Gläubige Menschen laufen seit Erscheinen von Daniel Dennetts "Darwin's dangerous idea - Evolution and the meanings of life" Sturm gegen dieses Buch. Nun, werfen wir einen Blick auf den Text, um das ganze Theater halbwegs nachvollziehen zu können: "To put it bluntly but fairly, anyone today who doubts that the variety of life on this planet was produced by a process of evolution is simply ignorant - inexcusably ignorant" (46). Dies ist ein direkter Angriff auf die wachsende Anzahl der Kreatonisten und christlichen Fundamentalisten (in Deutschland lautstark vertreten durch Peter Hahne), die die biblische Schöpfungsgeschichte im Biologieunterricht (!!) lehren wollen.
Berüchtigt ist Dennetts Schlussfolgerung, dass "[s]afety demands that religons be put in cages, too - when absolutely necessary" (515). Religionen notwendigerweise hinter Gitter verbannen, um die Gesellschaft für ihren schädlichen Einflüßen zu bewahren. Kein Wunder, dass die Kirche da im Dreieck springt.

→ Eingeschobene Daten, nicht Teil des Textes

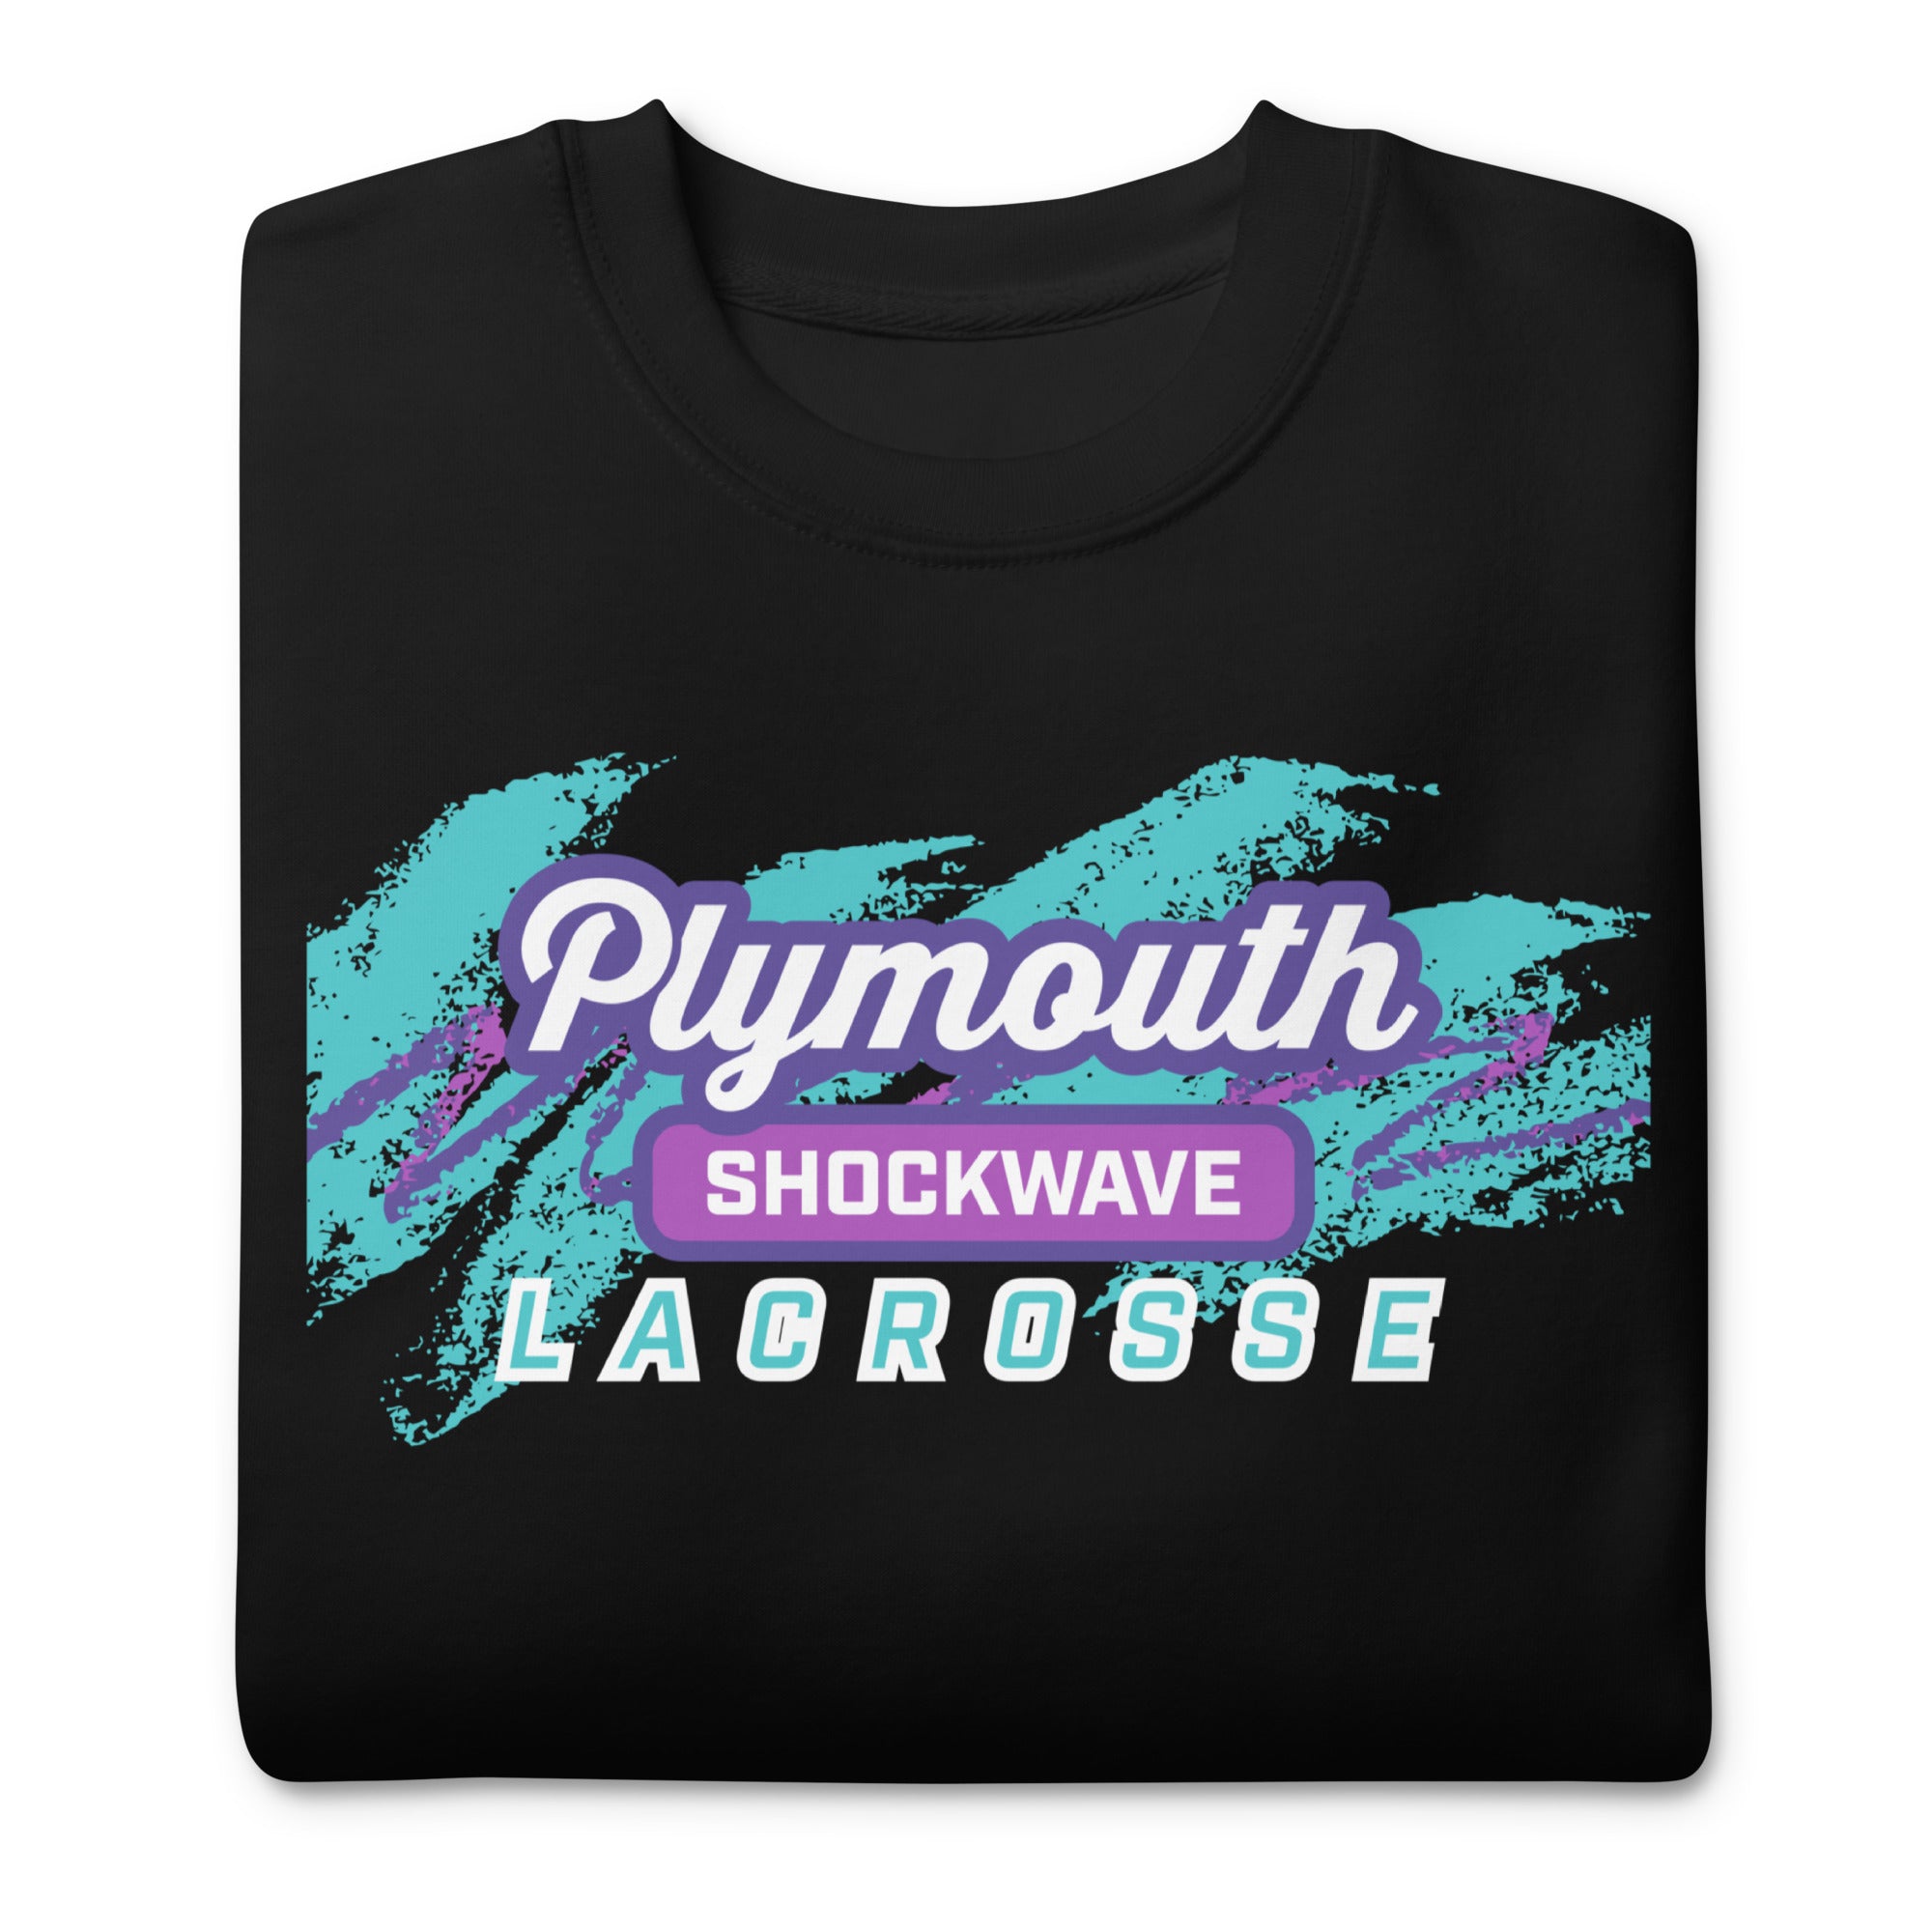 Shockwave Unisex Crewneck Sweatshirt

Doch jenseits aller Polemik, worum geht es dem Autor eigentlich? Dennett verteidigt Darwins These, dass das menschliche Leben entstanden ist durch "individually mindless steps succeding each other without the help of any intelligent supervision" (59). Diese für viele Menschen aus welchen Gründen auch immer so schwer zu akzeptierende Tatsache analysiert Dennett mit Erkenntnissen aus der Biologie (neben Darwin vor allem Richard Dawkins), Verhaltensforschung, Philosophie (Nietzsche) und sogar der Sprachwissenschaft (Noam Chomsky).

Ergebnis ist ein intellektuelles Meisterwerk, welches es verdient hätte, Standardlektüre in Schulen und Universitäten zu werden. Denn neben der bemerkenswerten inhaltlichen Dichte, beeindruckt "Darwin's dangerous idea" ebenso durch seine gute Lesbarkeit, was vor allem ein Verdienst von Dennetts klarem, lockerem und manchmal provozierendem Stil ist.

Doch trotz der hier dargelegten stringenten Beweisführung für die Evolutionslehre bleibt es zu bezweifeln, ob sich ein christlicher Fundamentalist von seinem oder ihrem verquerten Weltbild abbringen lässt. Denn wie soll man gegen jemanden argumentieren, der sich schlicht und einfach auch eine absolute unfehlbare Instanz im Jenseits beruft, die per definitionem nicht wissenschaftlich nachzuweisen ist. Darauf kann auch Daniel Dennett leider keine Antwort geben.